START Record extracts
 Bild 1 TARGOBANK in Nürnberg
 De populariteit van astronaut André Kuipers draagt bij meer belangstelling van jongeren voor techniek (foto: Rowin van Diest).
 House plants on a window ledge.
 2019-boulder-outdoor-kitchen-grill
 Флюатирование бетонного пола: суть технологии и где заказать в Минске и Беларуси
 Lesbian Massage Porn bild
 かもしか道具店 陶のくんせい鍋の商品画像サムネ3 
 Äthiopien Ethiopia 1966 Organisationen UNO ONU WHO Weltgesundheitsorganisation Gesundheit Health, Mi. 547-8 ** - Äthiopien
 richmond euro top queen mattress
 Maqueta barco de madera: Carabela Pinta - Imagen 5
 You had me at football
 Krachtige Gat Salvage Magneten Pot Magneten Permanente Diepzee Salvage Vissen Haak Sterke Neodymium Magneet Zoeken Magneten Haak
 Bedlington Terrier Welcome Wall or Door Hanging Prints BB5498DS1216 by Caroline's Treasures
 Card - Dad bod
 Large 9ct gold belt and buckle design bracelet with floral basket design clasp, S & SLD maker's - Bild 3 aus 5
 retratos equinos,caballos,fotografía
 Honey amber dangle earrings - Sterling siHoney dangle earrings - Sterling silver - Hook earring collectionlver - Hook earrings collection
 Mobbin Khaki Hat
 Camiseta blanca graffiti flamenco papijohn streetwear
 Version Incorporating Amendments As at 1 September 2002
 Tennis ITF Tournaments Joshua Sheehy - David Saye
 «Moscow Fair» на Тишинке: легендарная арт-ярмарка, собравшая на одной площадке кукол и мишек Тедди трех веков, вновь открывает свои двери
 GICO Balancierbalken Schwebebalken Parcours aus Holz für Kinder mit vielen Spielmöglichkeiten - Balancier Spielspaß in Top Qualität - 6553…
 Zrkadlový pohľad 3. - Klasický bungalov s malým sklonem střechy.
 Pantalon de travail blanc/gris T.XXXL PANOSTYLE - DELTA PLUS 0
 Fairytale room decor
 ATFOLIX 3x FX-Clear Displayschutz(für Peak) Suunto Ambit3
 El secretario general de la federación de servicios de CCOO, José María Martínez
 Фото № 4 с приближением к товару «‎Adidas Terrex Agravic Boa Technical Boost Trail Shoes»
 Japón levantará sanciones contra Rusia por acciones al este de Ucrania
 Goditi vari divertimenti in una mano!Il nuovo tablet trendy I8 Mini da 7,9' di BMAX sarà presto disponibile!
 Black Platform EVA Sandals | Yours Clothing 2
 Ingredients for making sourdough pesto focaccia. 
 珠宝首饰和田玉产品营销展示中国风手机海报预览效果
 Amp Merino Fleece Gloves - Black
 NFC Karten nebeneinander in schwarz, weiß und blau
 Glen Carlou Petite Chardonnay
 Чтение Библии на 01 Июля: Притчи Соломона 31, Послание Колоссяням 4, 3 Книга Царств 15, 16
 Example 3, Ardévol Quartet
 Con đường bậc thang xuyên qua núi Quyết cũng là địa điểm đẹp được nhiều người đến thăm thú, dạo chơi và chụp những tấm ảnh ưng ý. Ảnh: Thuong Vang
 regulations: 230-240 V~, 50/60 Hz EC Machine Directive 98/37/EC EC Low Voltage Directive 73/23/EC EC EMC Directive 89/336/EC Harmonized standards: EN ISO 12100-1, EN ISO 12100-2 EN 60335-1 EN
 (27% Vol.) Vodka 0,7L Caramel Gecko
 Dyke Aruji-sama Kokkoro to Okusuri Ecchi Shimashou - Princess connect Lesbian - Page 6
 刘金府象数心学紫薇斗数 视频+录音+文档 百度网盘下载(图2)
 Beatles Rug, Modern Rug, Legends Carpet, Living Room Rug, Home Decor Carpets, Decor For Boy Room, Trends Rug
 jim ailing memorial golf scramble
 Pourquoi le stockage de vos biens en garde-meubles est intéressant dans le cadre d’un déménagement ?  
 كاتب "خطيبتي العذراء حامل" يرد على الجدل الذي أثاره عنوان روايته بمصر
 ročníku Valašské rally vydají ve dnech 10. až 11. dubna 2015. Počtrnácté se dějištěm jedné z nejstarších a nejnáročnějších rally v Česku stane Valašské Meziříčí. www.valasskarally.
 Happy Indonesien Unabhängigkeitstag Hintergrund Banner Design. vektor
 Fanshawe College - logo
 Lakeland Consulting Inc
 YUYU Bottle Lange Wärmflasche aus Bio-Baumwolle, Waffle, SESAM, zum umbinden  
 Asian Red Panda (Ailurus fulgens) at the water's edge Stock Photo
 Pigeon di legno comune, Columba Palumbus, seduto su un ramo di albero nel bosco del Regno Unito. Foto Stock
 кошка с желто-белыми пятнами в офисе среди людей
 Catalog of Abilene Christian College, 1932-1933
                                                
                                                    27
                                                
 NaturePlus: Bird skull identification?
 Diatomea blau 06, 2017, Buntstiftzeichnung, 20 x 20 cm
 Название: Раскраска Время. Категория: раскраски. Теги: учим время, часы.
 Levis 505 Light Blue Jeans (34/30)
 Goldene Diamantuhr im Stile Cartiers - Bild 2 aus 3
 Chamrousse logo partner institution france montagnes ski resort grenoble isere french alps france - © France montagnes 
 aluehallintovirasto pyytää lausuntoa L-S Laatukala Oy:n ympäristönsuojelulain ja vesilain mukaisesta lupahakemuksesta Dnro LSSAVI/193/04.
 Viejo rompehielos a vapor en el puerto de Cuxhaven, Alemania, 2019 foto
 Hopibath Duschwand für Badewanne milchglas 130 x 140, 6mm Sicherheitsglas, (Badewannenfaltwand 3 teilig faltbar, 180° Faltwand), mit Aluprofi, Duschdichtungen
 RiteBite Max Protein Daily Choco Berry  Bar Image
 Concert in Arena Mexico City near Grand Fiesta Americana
END Record extracts
* **What to do**
Please reproduce the entire listing. Keep it identical.

* **Written solution**
 Bild 1 TARGOBANK in Nürnberg
 De populariteit van astronaut André Kuipers draagt bij meer belangstelling van jongeren voor techniek (foto: Rowin van Diest).
 House plants on a window ledge.
 2019-boulder-outdoor-kitchen-grill
 Флюатирование бетонного пола: суть технологии и где заказать в Минске и Беларуси
 Lesbian Massage Porn bild
 かもしか道具店 陶のくんせい鍋の商品画像サムネ3 
 Äthiopien Ethiopia 1966 Organisationen UNO ONU WHO Weltgesundheitsorganisation Gesundheit Health, Mi. 547-8 ** - Äthiopien
 richmond euro top queen mattress
 Maqueta barco de madera: Carabela Pinta - Imagen 5
 You had me at football
 Krachtige Gat Salvage Magneten Pot Magneten Permanente Diepzee Salvage Vissen Haak Sterke Neodymium Magneet Zoeken Magneten Haak
 Bedlington Terrier Welcome Wall or Door Hanging Prints BB5498DS1216 by Caroline's Treasures
 Card - Dad bod
 Large 9ct gold belt and buckle design bracelet with floral basket design clasp, S & SLD maker's - Bild 3 aus 5
 retratos equinos,caballos,fotografía
 Honey amber dangle earrings - Sterling siHoney dangle earrings - Sterling silver - Hook earring collectionlver - Hook earrings collection
 Mobbin Khaki Hat
 Camiseta blanca graffiti flamenco papijohn streetwear
 Version Incorporating Amendments As at 1 September 2002
 Tennis ITF Tournaments Joshua Sheehy - David Saye
 «Moscow Fair» на Тишинке: легендарная арт-ярмарка, собравшая на одной площадке кукол и мишек Тедди трех веков, вновь открывает свои двери
 GICO Balancierbalken Schwebebalken Parcours aus Holz für Kinder mit vielen Spielmöglichkeiten - Balancier Spielspaß in Top Qualität - 6553…
 Zrkadlový pohľad 3. - Klasický bungalov s malým sklonem střechy.
 Pantalon de travail blanc/gris T.XXXL PANOSTYLE - DELTA PLUS 0
 Fairytale room decor
 ATFOLIX 3x FX-Clear Displayschutz(für Peak) Suunto Ambit3
 El secretario general de la federación de servicios de CCOO, José María Martínez
 Фото № 4 с приближением к товару «‎Adidas Terrex Agravic Boa Technical Boost Trail Shoes»
 Japón levantará sanciones contra Rusia por acciones al este de Ucrania
 Goditi vari divertimenti in una mano!Il nuovo tablet trendy I8 Mini da 7,9' di BMAX sarà presto disponibile!
 Black Platform EVA Sandals | Yours Clothing 2
 Ingredients for making sourdough pesto focaccia. 
 珠宝首饰和田玉产品营销展示中国风手机海报预览效果
 Amp Merino Fleece Gloves - Black
 NFC Karten nebeneinander in schwarz, weiß und blau
 Glen Carlou Petite Chardonnay
 Чтение Библии на 01 Июля: Притчи Соломона 31, Послание Колоссяням 4, 3 Книга Царств 15, 16
 Example 3, Ardévol Quartet
 Con đường bậc thang xuyên qua núi Quyết cũng là địa điểm đẹp được nhiều người đến thăm thú, dạo chơi và chụp những tấm ảnh ưng ý. Ảnh: Thuong Vang
 regulations: 230-240 V~, 50/60 Hz EC Machine Directive 98/37/EC EC Low Voltage Directive 73/23/EC EC EMC Directive 89/336/EC Harmonized standards: EN ISO 12100-1, EN ISO 12100-2 EN 60335-1 EN
 (27% Vol.) Vodka 0,7L Caramel Gecko
 Dyke Aruji-sama Kokkoro to Okusuri Ecchi Shimashou - Princess connect Lesbian - Page 6
 刘金府象数心学紫薇斗数 视频+录音+文档 百度网盘下载(图2)
 Beatles Rug, Modern Rug, Legends Carpet, Living Room Rug, Home Decor Carpets, Decor For Boy Room, Trends Rug
 jim ailing memorial golf scramble
 Pourquoi le stockage de vos biens en garde-meubles est intéressant dans le cadre d’un déménagement ?  
 كاتب "خطيبتي العذراء حامل" يرد على الجدل الذي أثاره عنوان روايته بمصر
 ročníku Valašské rally vydají ve dnech 10. až 11. dubna 2015. Počtrnácté se dějištěm jedné z nejstarších a nejnáročnějších rally v Česku stane Valašské Meziříčí. www.valasskarally.
 Happy Indonesien Unabhängigkeitstag Hintergrund Banner Design. vektor
 Fanshawe College - logo
 Lakeland Consulting Inc
 YUYU Bottle Lange Wärmflasche aus Bio-Baumwolle, Waffle, SESAM, zum umbinden  
 Asian Red Panda (Ailurus fulgens) at the water's edge Stock Photo
 Pigeon di legno comune, Columba Palumbus, seduto su un ramo di albero nel bosco del Regno Unito. Foto Stock
 кошка с желто-белыми пятнами в офисе среди людей
 Catalog of Abilene Christian College, 1932-1933
                                                
                                                    27
                                                
 NaturePlus: Bird skull identification?
 Diatomea blau 06, 2017, Buntstiftzeichnung, 20 x 20 cm
 Название: Раскраска Время. Категория: раскраски. Теги: учим время, часы.
 Levis 505 Light Blue Jeans (34/30)
 Goldene Diamantuhr im Stile Cartiers - Bild 2 aus 3
 Chamrousse logo partner institution france montagnes ski resort grenoble isere french alps france - © France montagnes 
 aluehallintovirasto pyytää lausuntoa L-S Laatukala Oy:n ympäristönsuojelulain ja vesilain mukaisesta lupahakemuksesta Dnro LSSAVI/193/04.
 Viejo rompehielos a vapor en el puerto de Cuxhaven, Alemania, 2019 foto
 Hopibath Duschwand für Badewanne milchglas 130 x 140, 6mm Sicherheitsglas, (Badewannenfaltwand 3 teilig faltbar, 180° Faltwand), mit Aluprofi, Duschdichtungen
 RiteBite Max Protein Daily Choco Berry  Bar Image
 Concert in Arena Mexico City near Grand Fiesta Americana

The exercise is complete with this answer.